Electrostatics

Most charged residues occur on, or near, the surface of proteins. Electrostatic interactions are relatively long-range forces. When charged residues are buried within the protein, they must make specific 'salt-bridge' charge-pairs (burying a charge without a partner would be very destabilizing).

Practical work

View this structure (lysozyme, 7lyz) again using PyMOL. We will now highlight the charged residues and observe their location.

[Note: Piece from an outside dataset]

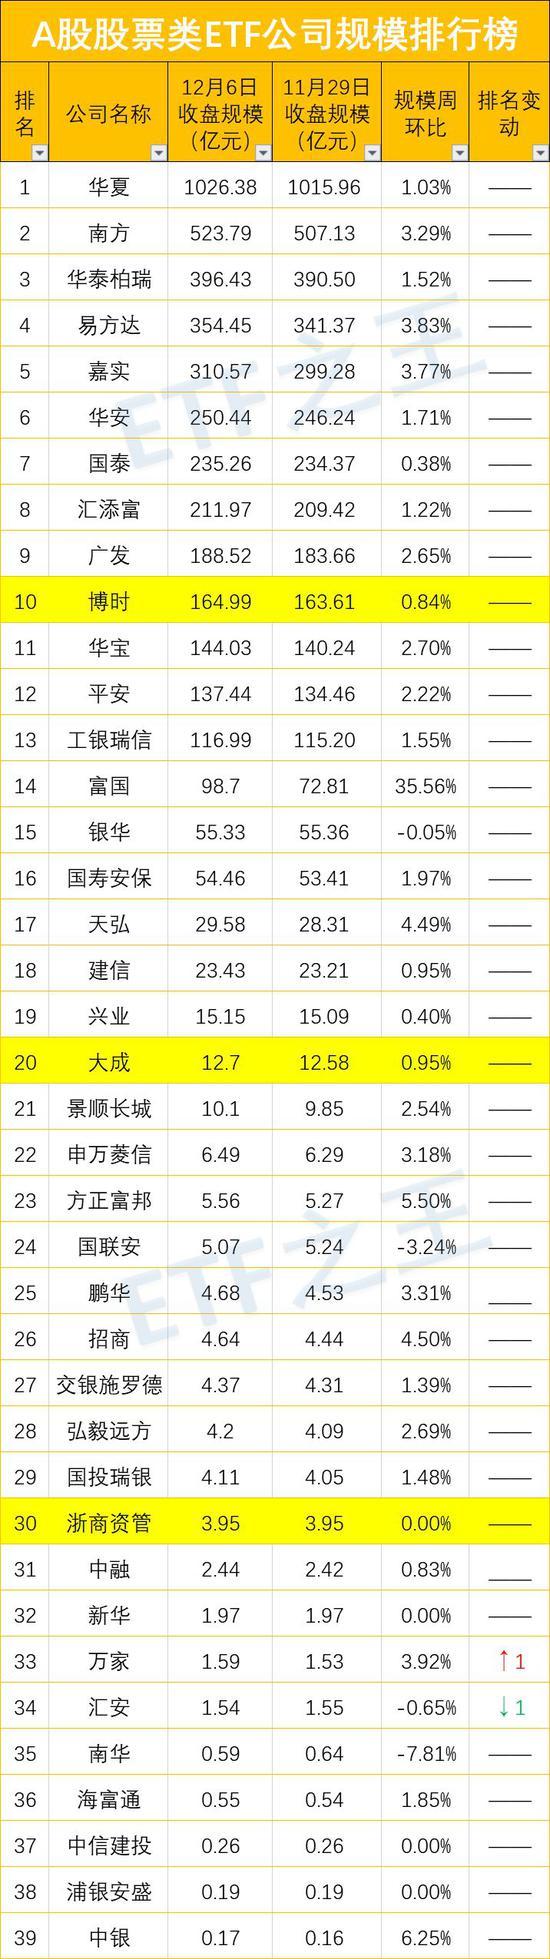 A股股票ETF规模排行榜及公司排行榜 最大ETF易主
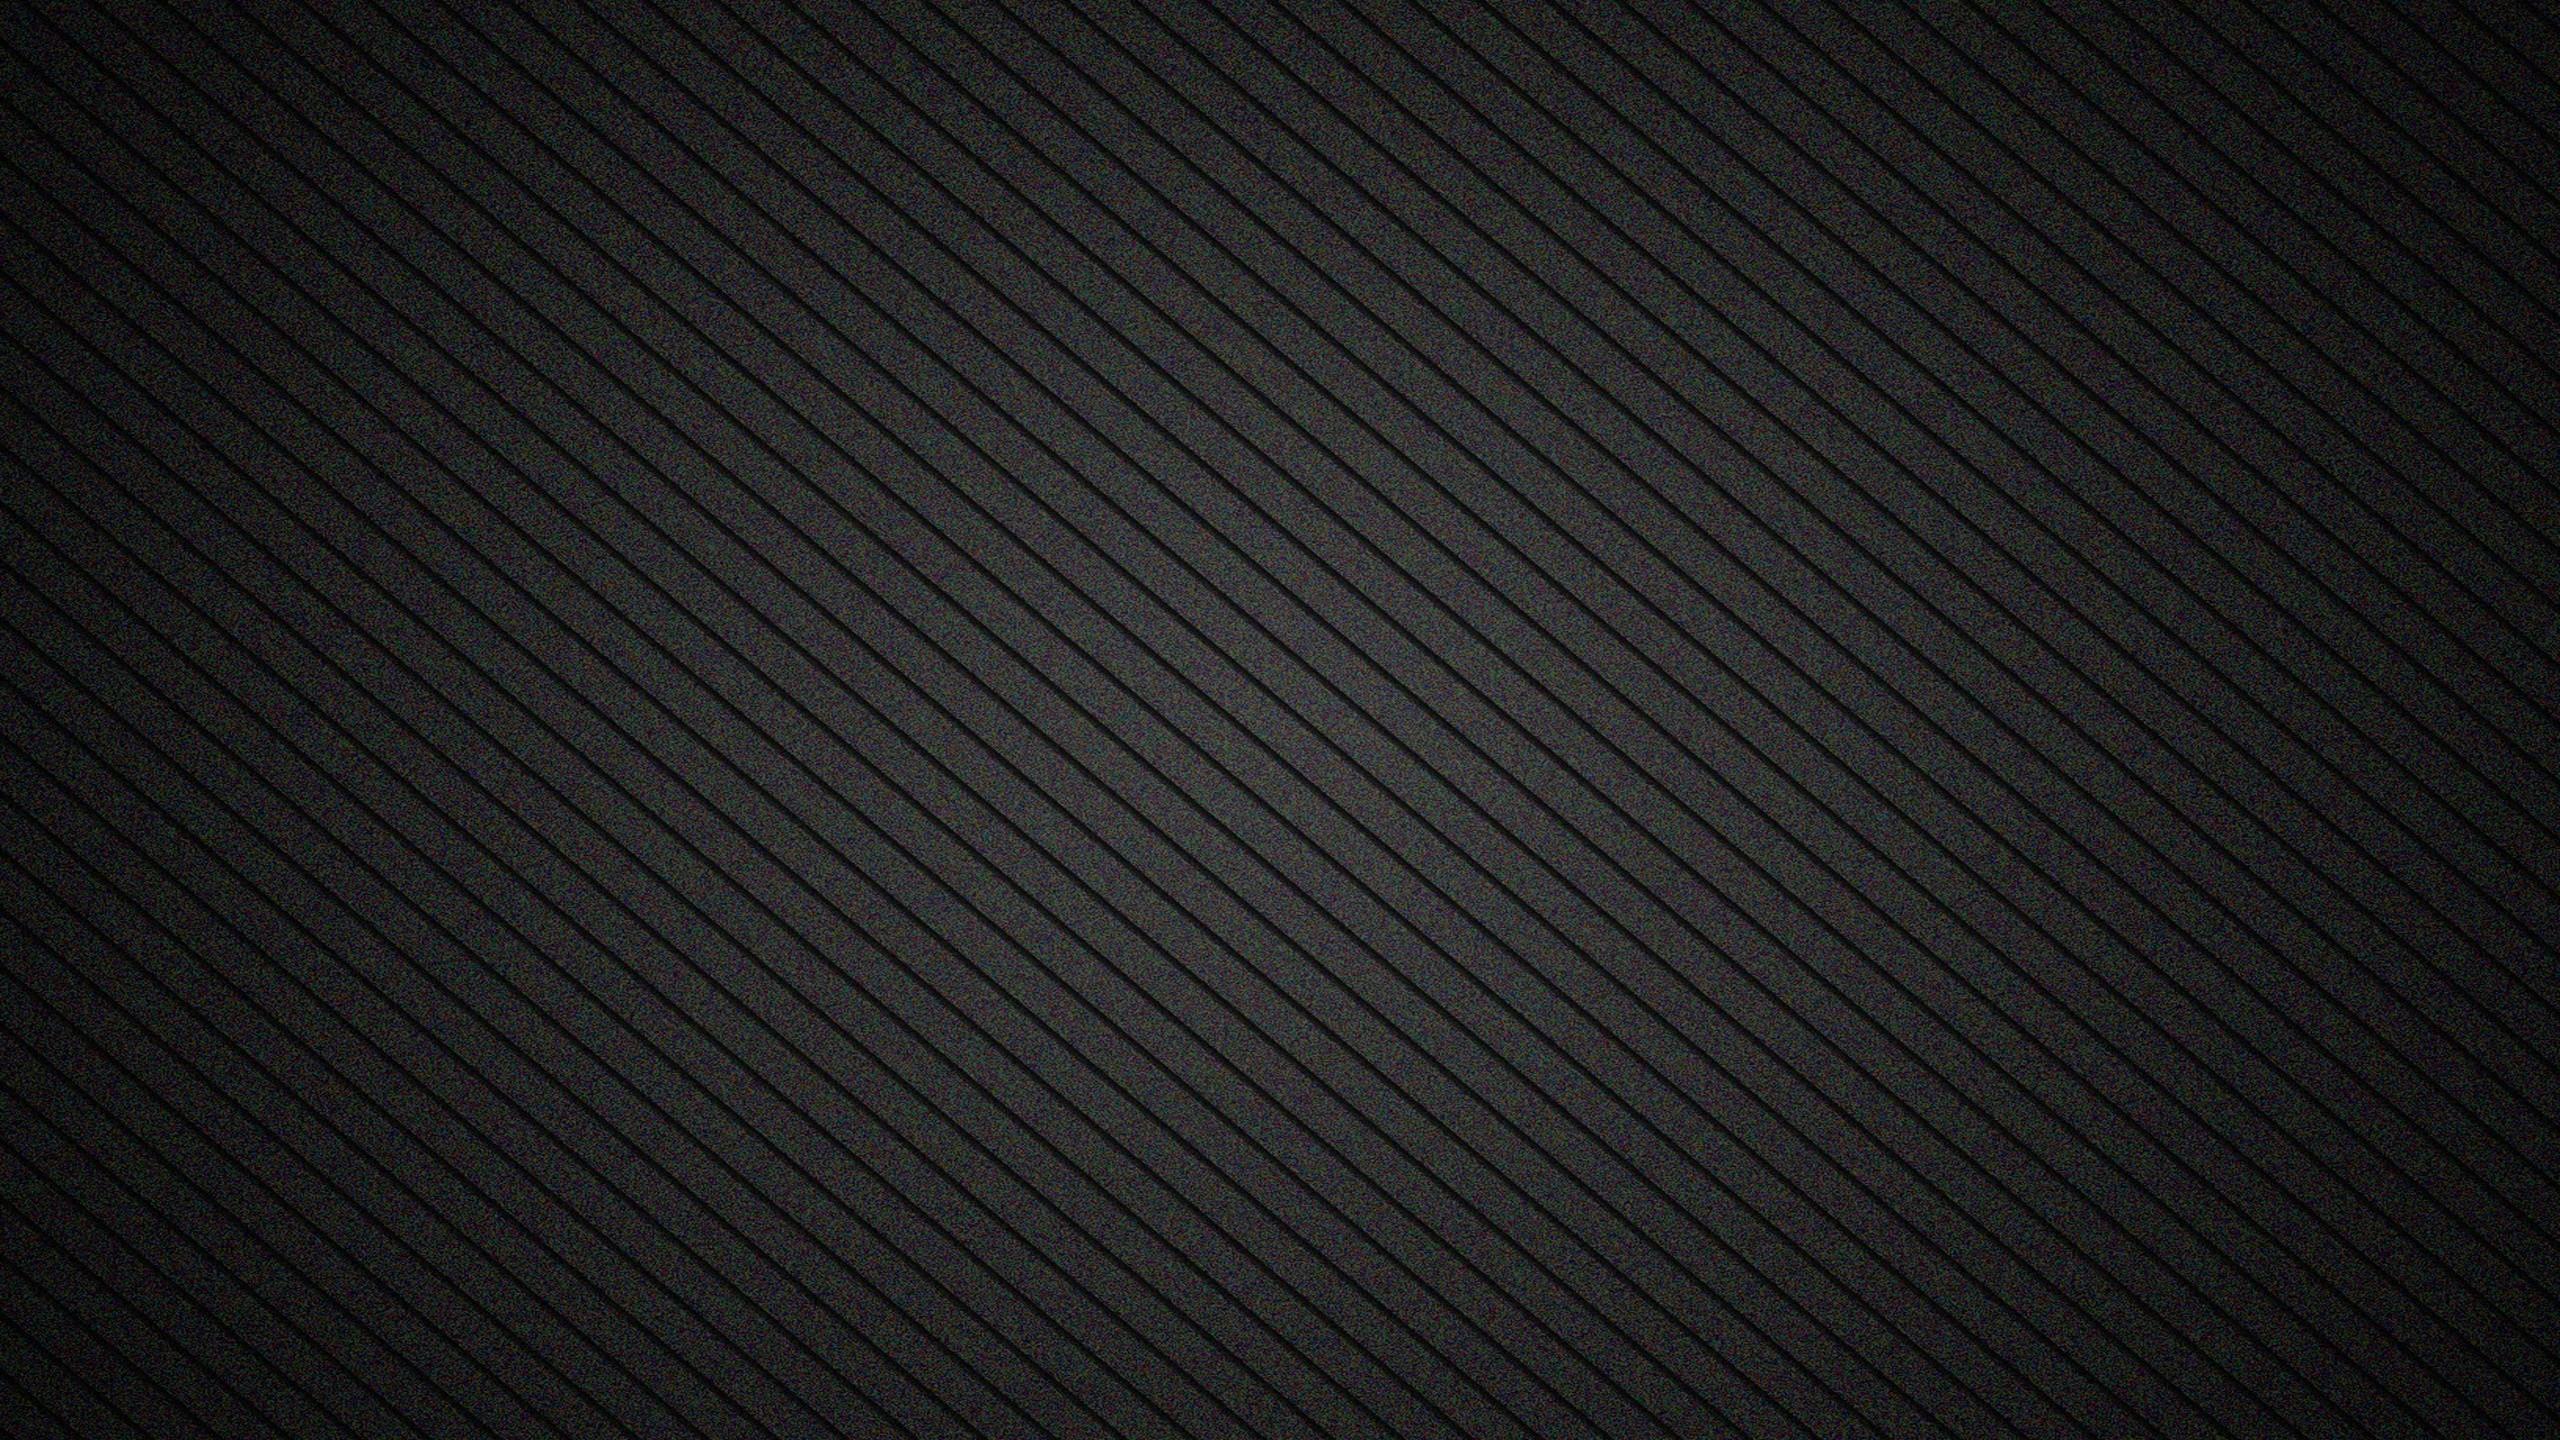 2560 X 1440 Wallpaper Black (94+ Images

Show your molecule as cartoons and Colour->chain
Now click in the bottom left corner of the screen and type
select resn arg+lys
after the PyMOL>
This selects all positively charged amino acids. You can modify the display of a selection by using the S, H, and C buttons next to (sele). For this selection
Show->sidechain->sticks Colour->blue

Now let's colour the negatively charged amino acids red. Click in the bottom left corner of the screen and type
select resn asp+glu
after the PyMOL>

For this selection
Show->sidechain->sticks Colour->red

Now rotate the structure and look at where the coloured residues occur - are they on the surface, or buried? Keep rotating the structure to get a sense of depth.

Now we will look at an example of a buried salt bridge in which an arginine interacts with a glutamate.

Download this structure (catalase, 8cat) and view using PyMOL.How would you describe the quaternary structure of this protein? What about the tertiary structure?

Select
Show->cartoons Hide->Lines Colour->chain

This protein consists of two chains and these commands colour the two chains in green and blue rendering them as cartoons.

Now we will look at the specific residues forming the salt bridge. These are Arginine 111 and Glutamic acid 329.

Select residue 111 by typing
select resi 111
at the bottom left corner of the screen.
Now Show this selection as sticks and Colour->orange
Repeat for residue 329.

Look at the location of the arginine and glutamate noting how the charged ends of the sidechains are close to one another.